Salah satu pelajaran mulia generasi terbaik para sahabat Rasulullah saw , dalam hal
keseriusan mereka mejauhkan diri dari sifat tasmi’. Sebagaimana diriwayatkan
oleh Abu Yusuf dalam al Atsar dari Abu Hanifah dari Ali bin al -Aqmar, bahwa
Umar bin al-Khattab pernah lewat kepada seorang laki-laki yang sedang makan
dengan tangan kirinya. Umar saat itu berdiri dan menghadap para sahabat yang
sedang makan.
Maka Umar berkata kepada Lelaki itu, “Wahai hamba Allah, makanlah dengan
tangan kananmu!”
Laki-laki itu menjawab, “Tangan kananku ‘sibuk’”.
Kemudian Umar menghampiri kedua dan ketiga
kalinya tapi laki-laki itu tetap makan dengan kirinya dan berkata seperti tadi.
Slanjutnya Umar berkata, “Sibuk dengan apa?”
laki-laki itu berkata, “Tangan kananku terputus pada perang
Mu’tah”. Maka Umar pun terkejut mendengar jawaban itu.
Kemudian berkata, “Lalu siapa yang mencuci pakaianmu? Siapa yang
meminyaki rambutmu? Siapa yang melayanimu?”.
Ali bin Akmar berkata, “Kemudian Umar
menyiapkan kebutuhannya. Umar memerintahkan agar ia diberi seorang budak, satu
tunggangan beserta makanan dan nafkahnya.” Para sahabat berkata, “Umar telah memberikan balasan
kebaikan kepada rakyatnya.”
Dari hadist riwayat al Bukhari dari Abu Musa yang
berkata, ” Kami pernah
keluar bersama Rasulullah saw. pada suatu peperangan. Pada saat itu jumlah kami
ada 6 orang. Diantara kami hanya ada satu unta yang dinaiki secara bergantian,
hingga kakiku pecah-pecah dan kukuku pun terkelupas. Pada saat itu kami
membalut kaki kami. Abu Musa menceritakan hal ini, kemudian ia tidak
menyukainya. ia berkata, “Kami berbuat bukan untuk diceritakan.” Seolah-olah
Abu Musa tidak suka sedikipun amalnya disebarkan.

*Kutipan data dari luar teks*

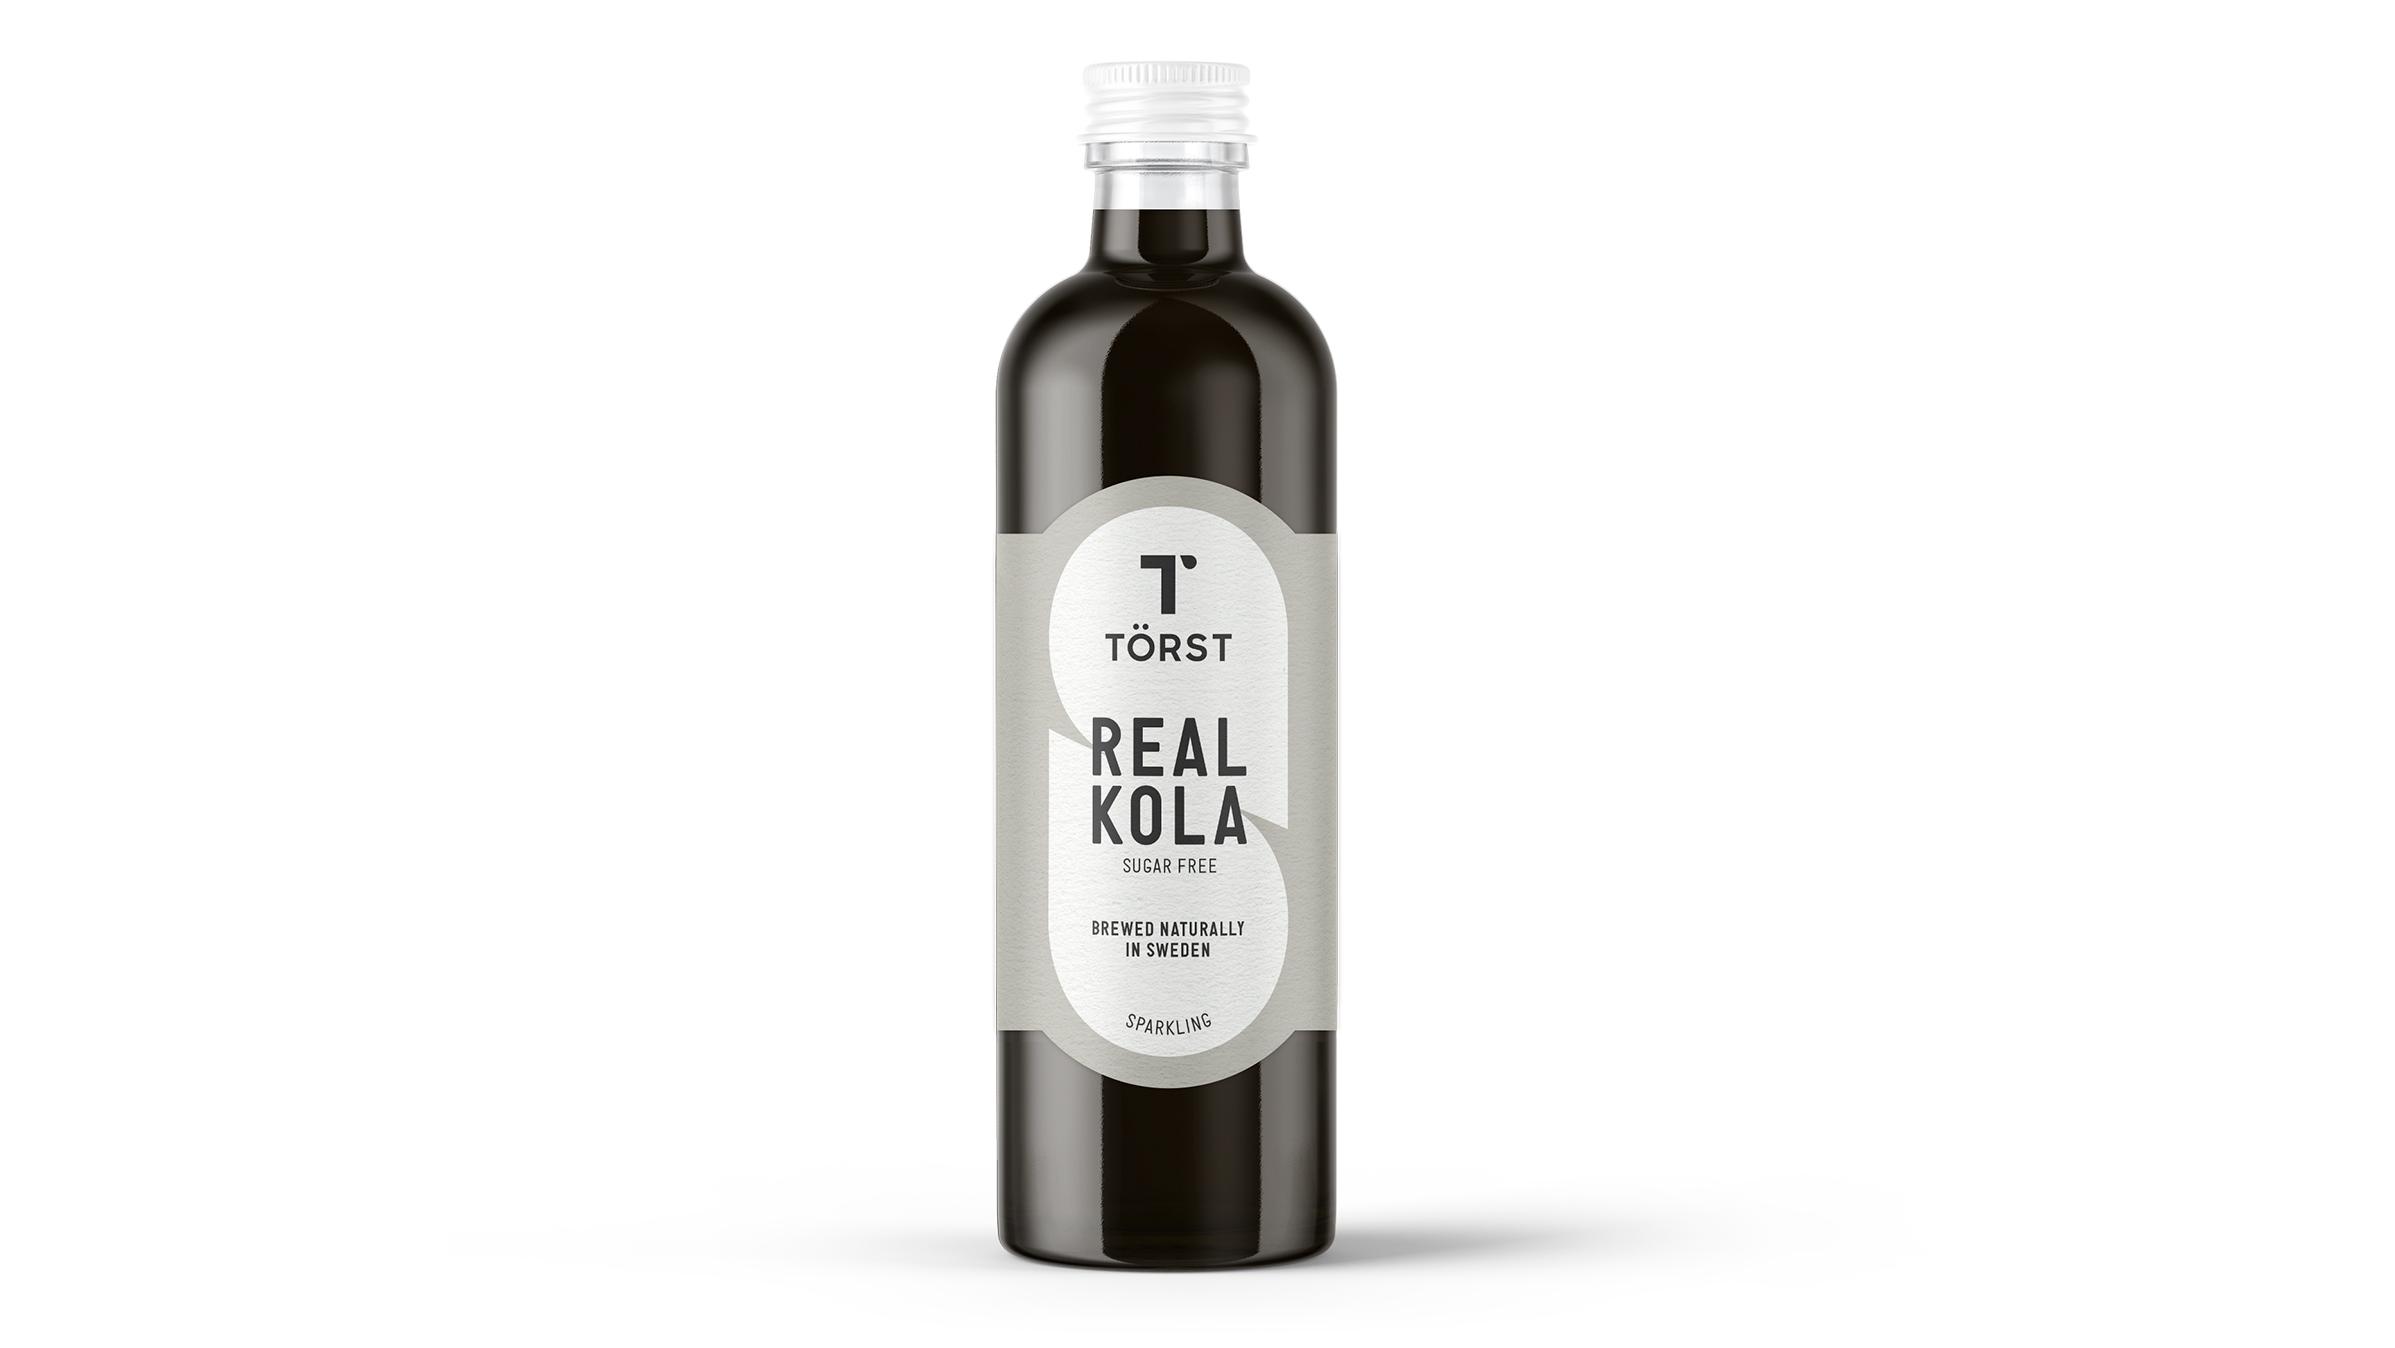 Törst - Real Kola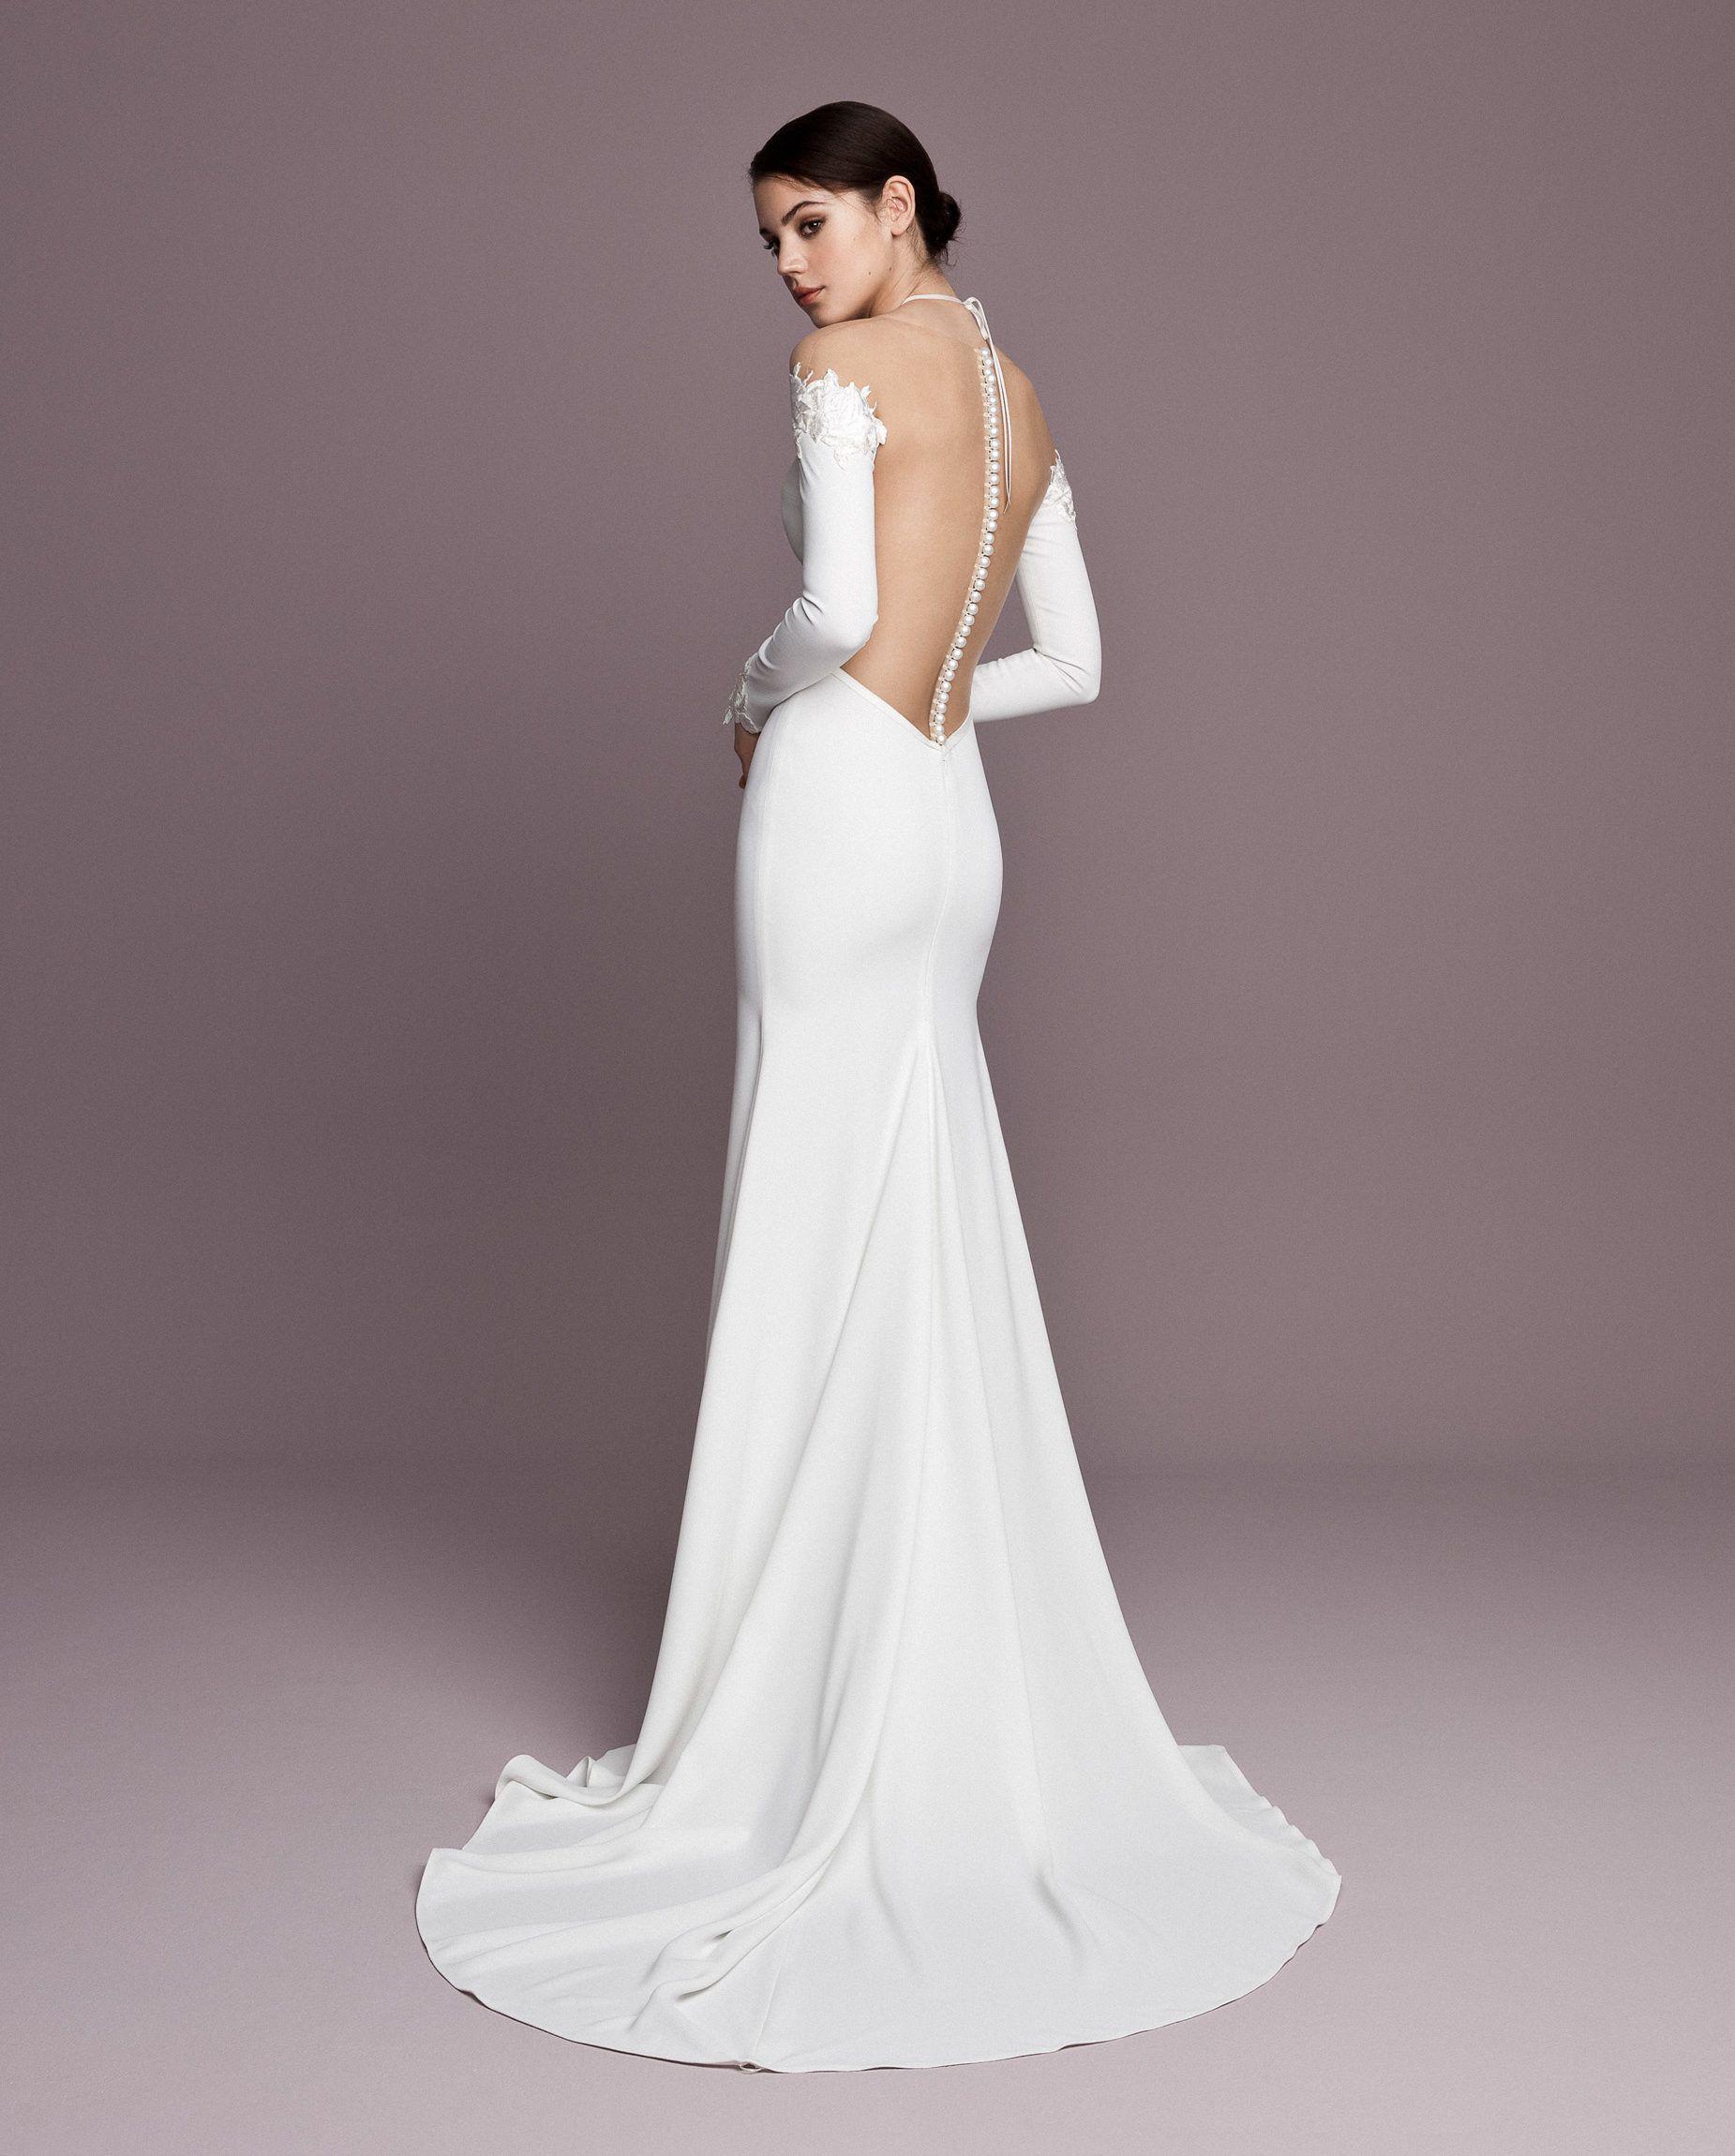 Daalarna menyasszonyi ruha – Sunset kollekció (fotó  daalarna.hu) f09f0bef36

Riya dan Tasmi’ diharamkan, tanpa ada
perbedaan pendapat tentangnya. dalinya, diantaranya , Sebagaimana Firman Allah, yang artinya ,” Maka siapa
saja yang berharap bertemu Tuhannya maka hendaklah beramal amalan yang shalih
dan tidak menyekutukan (Allah) dalam melakukan ibadah kepada-Nya (Q.S.
al-Kahfi : 110).
Ada beberapa
pendapat ulama ttg pengertian tasmi’ .
Misalnya Imam Nawawi dalam al-Majmû’
dari asy-Syâfi’i, beliau berkata: “Tidak akan mengetahui riya kecuali orang
yang ikhlas.” Ikhlas itu membutuhkan perhatian yang serius dan kesungguhan
jiwa. Tidak akan mampu berbuat ikhlas kecuali orang yang telah memisahkan diri
dari dunia.
Yang dimaksud At-Tasmi’ adalah menceritakan
aktivitas taqarub kepada manusia untuk memperolah keridhaan mereka. Perbedan
antara riya dan tasmi’ (sum’ah) adalah riya itu menyertai suatu amal, sedangkan
tasmi’ adalah setelah beramal. Riya tidak bisa diketahui kecuali oleh Allah dan
tidak ada cara bagi orang lain untuk mengetahuinya. Bahkan orang yang riya
sekali pun tidak akan mengetahui adanya riya dalam dirinya, kecuali jika ia
berubah menjadi ikhlas.
Tasmi’
bisa jadi ada dalam suatu taqarub yg dilakukan secara tersembunyi seperti orang
yang shalat di malam hari, dan di pagi harinya ia meceritakan taqarubnya itu
kepada orang lain. Tasmi’ bisa juga ada pada taqarub yang dilakukan secara terangterangan
di suatu tempat, kemudian diceritakan kepada orang lain yang ada di tempat
lain. Semua itu dilakukan dengan tujuan ingin memperoleh keridhaan manusia.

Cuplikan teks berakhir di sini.